In Vivo Imaging
Figure 1. IRDye 800CW EGF Optical Probe was used to detect an A431 tumor (800 nm channel, pseudo-color). IRDye 680 BoneTag™ was used to visualize skeletal structures (700 nm channel, grayscale), aiding in anatomical localization of the tumor. Image captured with the Pearl® Imager
Optical imaging is a fast, sensitive, and cost effective way to image and track molecules in small animals. There are two main types of optical imaging:
- Bioluminescent imaging requires genetic alteration of cells with a reporter gene (e.g. luciferase). After injection of a substrate such as luciferin, substrate oxidation occurs and emitted photons can be detected by a camera.

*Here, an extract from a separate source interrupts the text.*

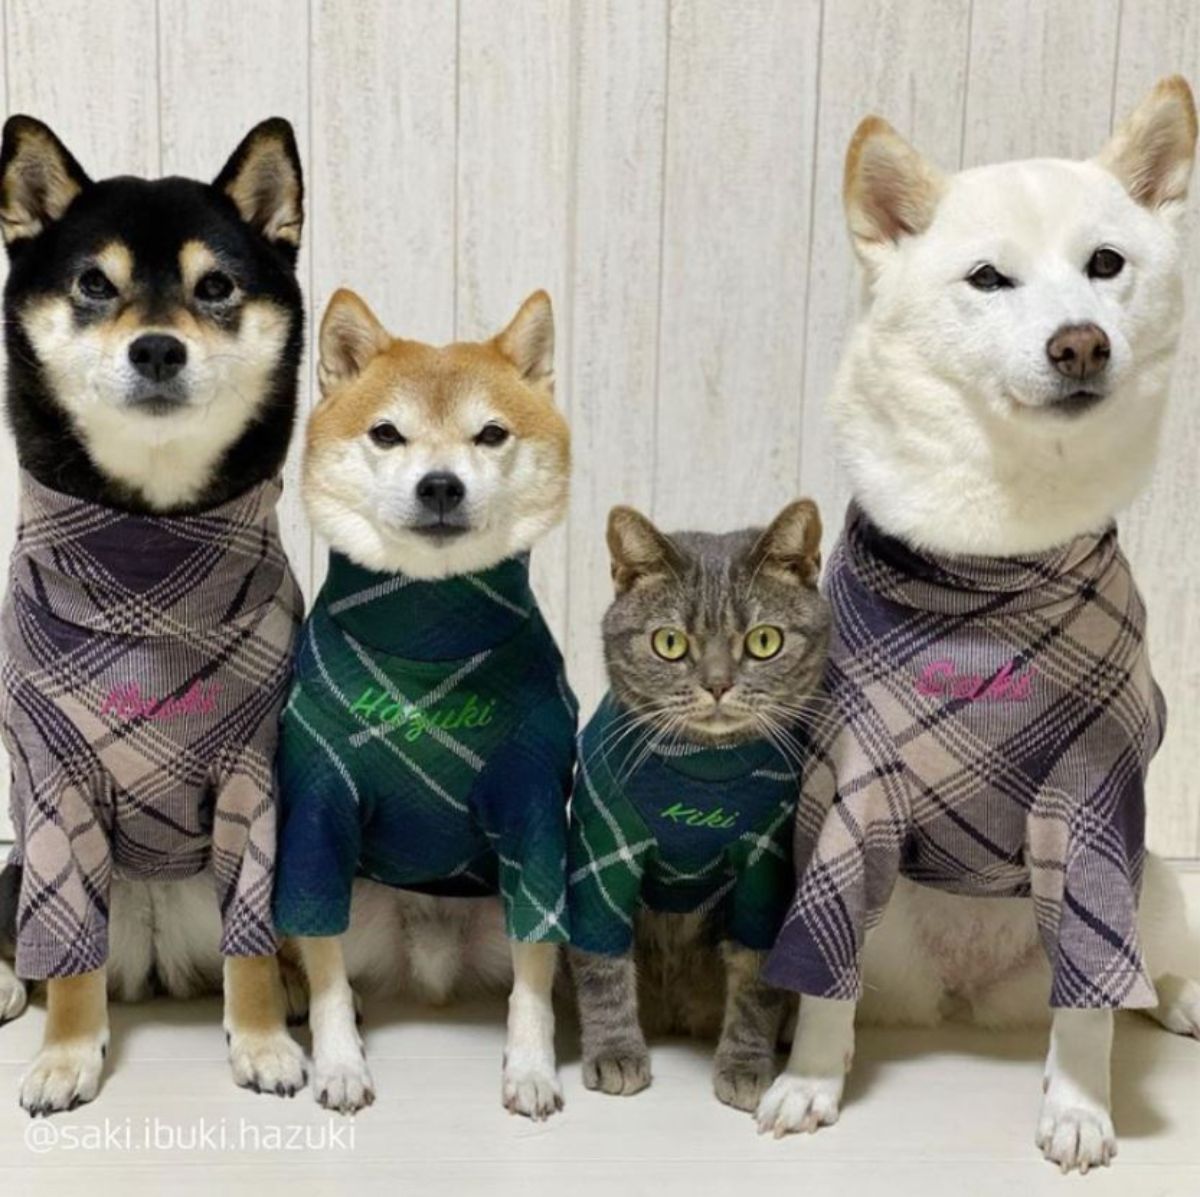 black and brown shiba inus grey tabby and white shiba inu dressed in sweaters

- Fluorescent imaging is able to use native, unaltered cells for the visualization of molecular events in the animal. A fluorescently labeled targeting agent (peptide, protein, cell, etc.) is injected into the animal, where it will either be cleared from the animal's circulation over time or retained by binding to a specific target. Upon excitation with a light source, the fluorescent dye will emit photons that are collected by a sensitive detector.
Fluorescent optical probes (also called targeting agents) are diverse, and may include peptides, proteins, antibodies, or small molecules that are covalently labeled with fluorescent dyes.
Figure 2. IRDye 800CW EGF Optical Probe was used to detect an orthotopic prostate tumor in the 800 nm channel, represented in pseudo-color. Image captured with the Odyssey® Imager.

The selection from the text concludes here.